Well for my wife I just don't risk it, she is learning JJJ as well as practiced with me with counters and attacks learnt from my teens on the streets and is not bad at it, she has alot of natural strength from her pole dancing/fitness however she does not have the killer instinct which makes me worry. Other women in the past do have it and I was less worried, my first gf for example, also a street fighter back in my teens. For my wife I'm very protective of her and I can't stand the thought of her being attacked without me. She's my princess


----------



## Gaia (Apr 27, 2012)

Thats one thing that annoys me about gate. I never had anyone treat me as if I were some sort of fragile flower. He does at times and im just like... Wtf....
_Posted via Mobile Device_


----------



## BrookeT (Nov 3, 2012)

Gaia said:


> I get that there are dangerous places.... I grew up in a few. I was taught how to defend myself though so when I read, hear, see things like this.... I think..... "huh?" The idea that a woman cant fend for herself is one thats strange to me.
> _Posted via Mobile Device_


It's not all bad. I feel better if my H goes with me. I am not very big, 5'4" and 118lb. I can only do so much, if some dude who is 6+ inches taller than me and weighs 100lb's more is coming at me, I am probably going to lose in a strictly physical confrontation. 

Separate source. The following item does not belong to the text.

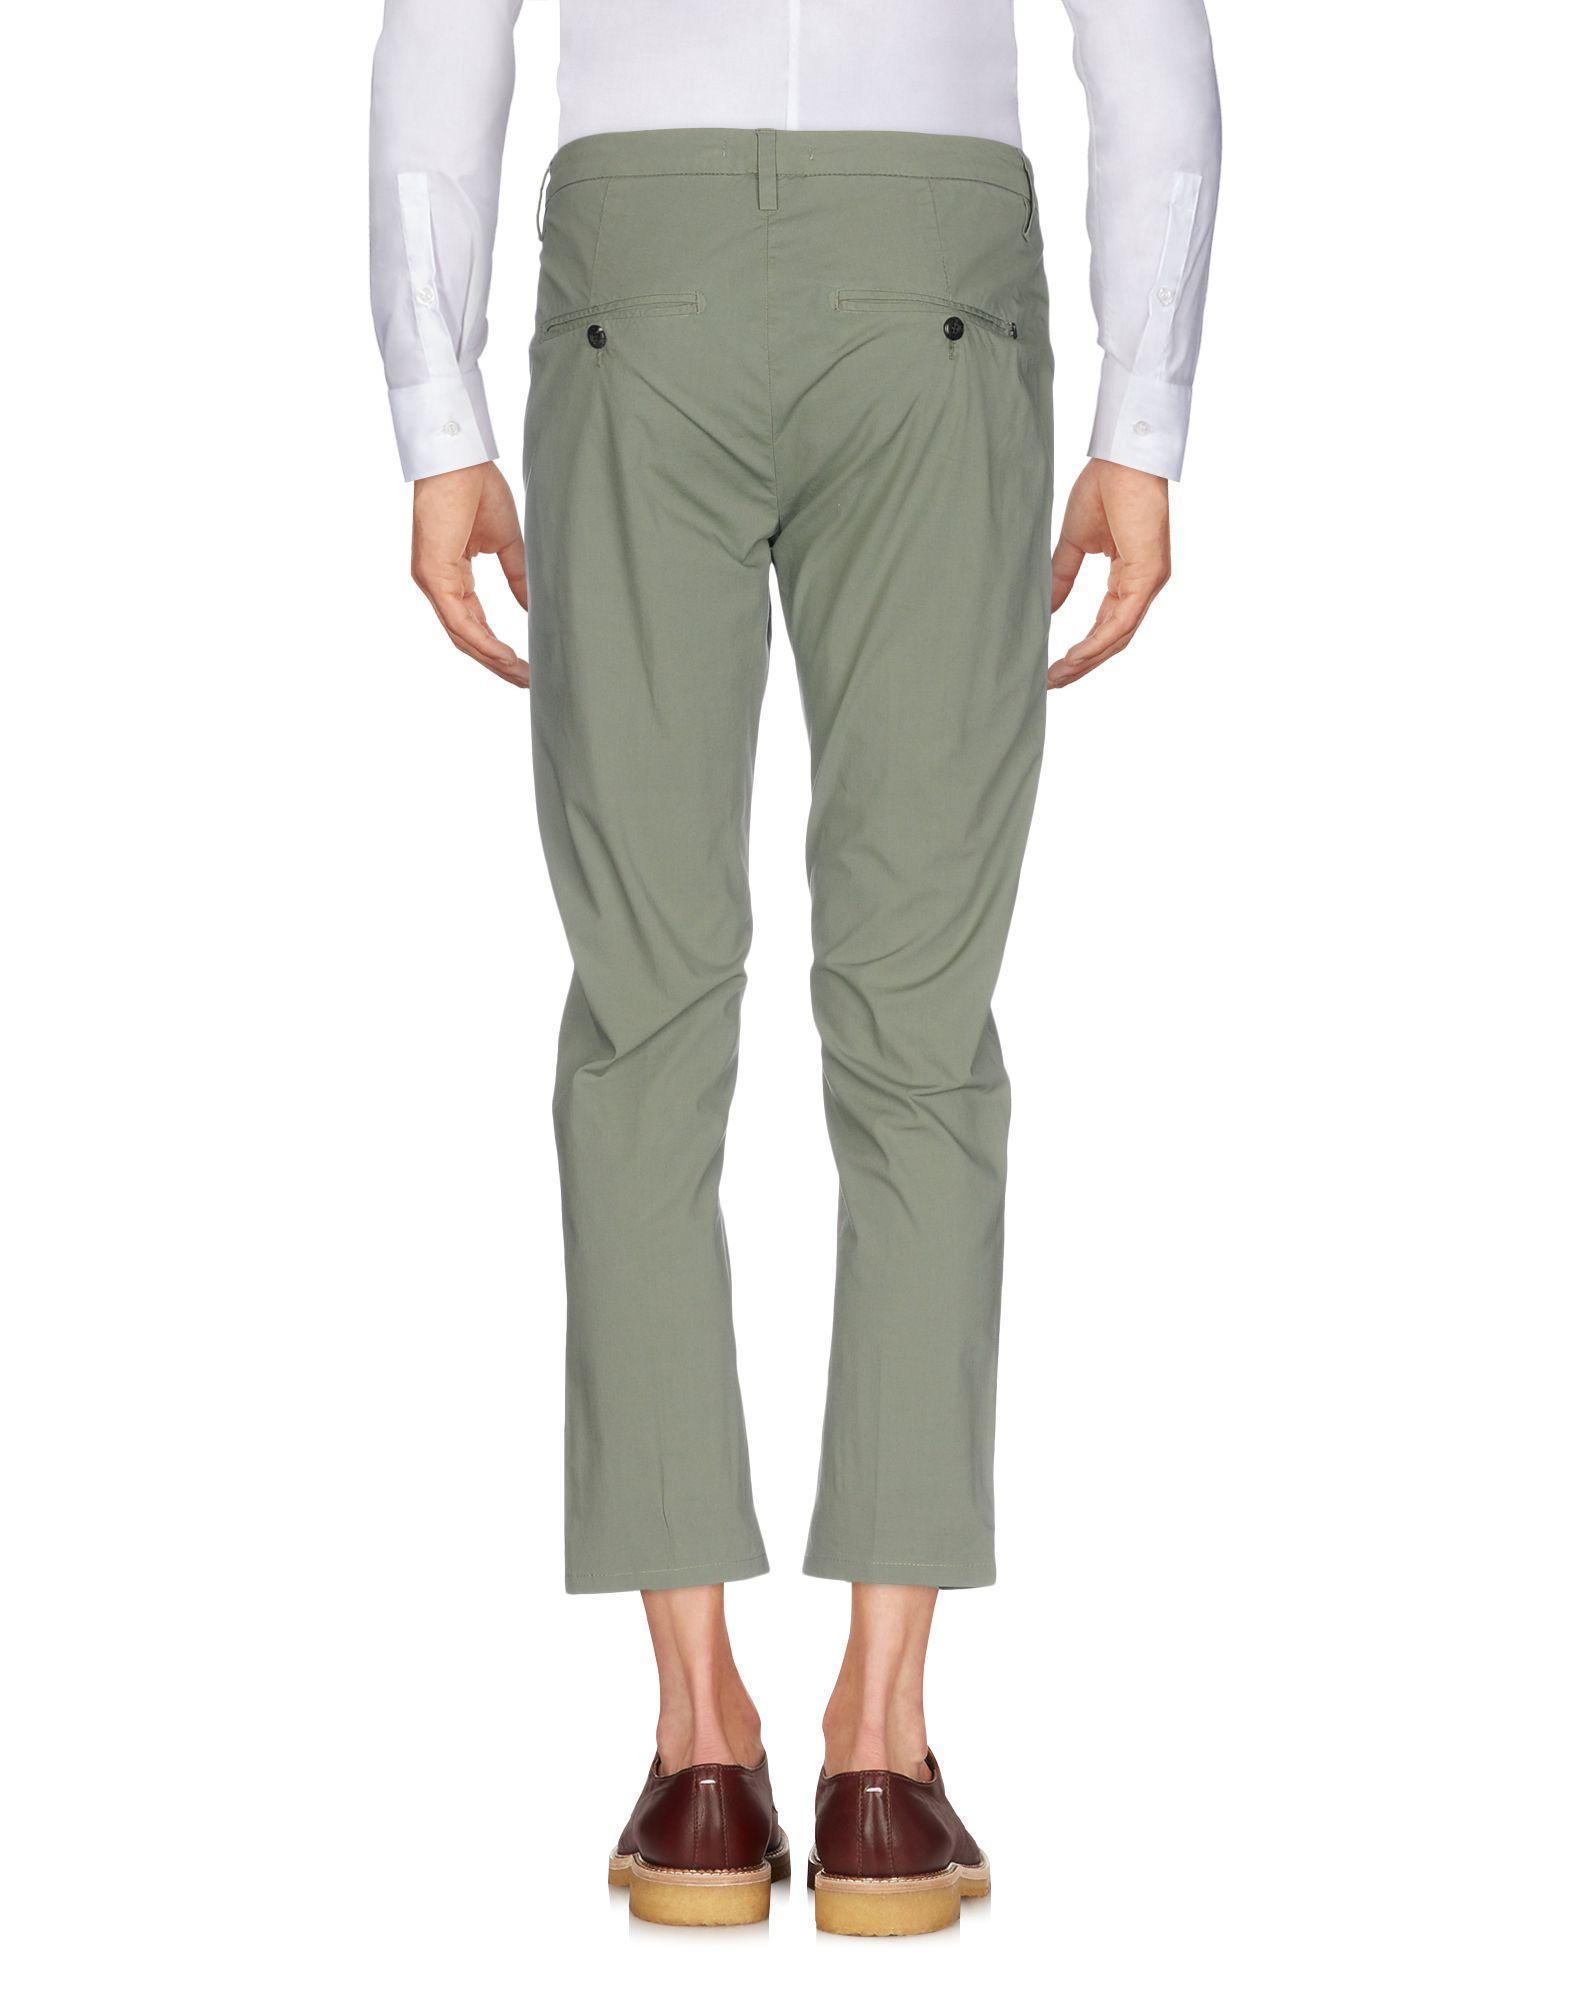 Dondup Cotton Casual Trouser in Light Green (Green) for Men

I don't feel like my H has to go with me all the time, but there many places where it makes me feel a lot better if he does.


----------



## Gaia (Apr 27, 2012)

Lovely..... I am not really sure what to say about your parents... Other then.... Dont let them ruin your night or mood. Perhaps leaving before your nights ruined would be best? After all... You are a full grown woman. I suppose pepper spray and groups work... Have you told them thier advice is noted and you would like to enjoy the rest of your night?
_Posted via Mobile Device_


----------



## RandomDude (Dec 18, 2010)

Well, my wife IS a princess so I have to work with her accordingly LOL
Besides she admits it, and her first reaction if threatened is always to call me. I've escorted her out of places numerous times with her ready to spray as I've taught her. She's not violent at heart, me however, I am. It works out well though for us.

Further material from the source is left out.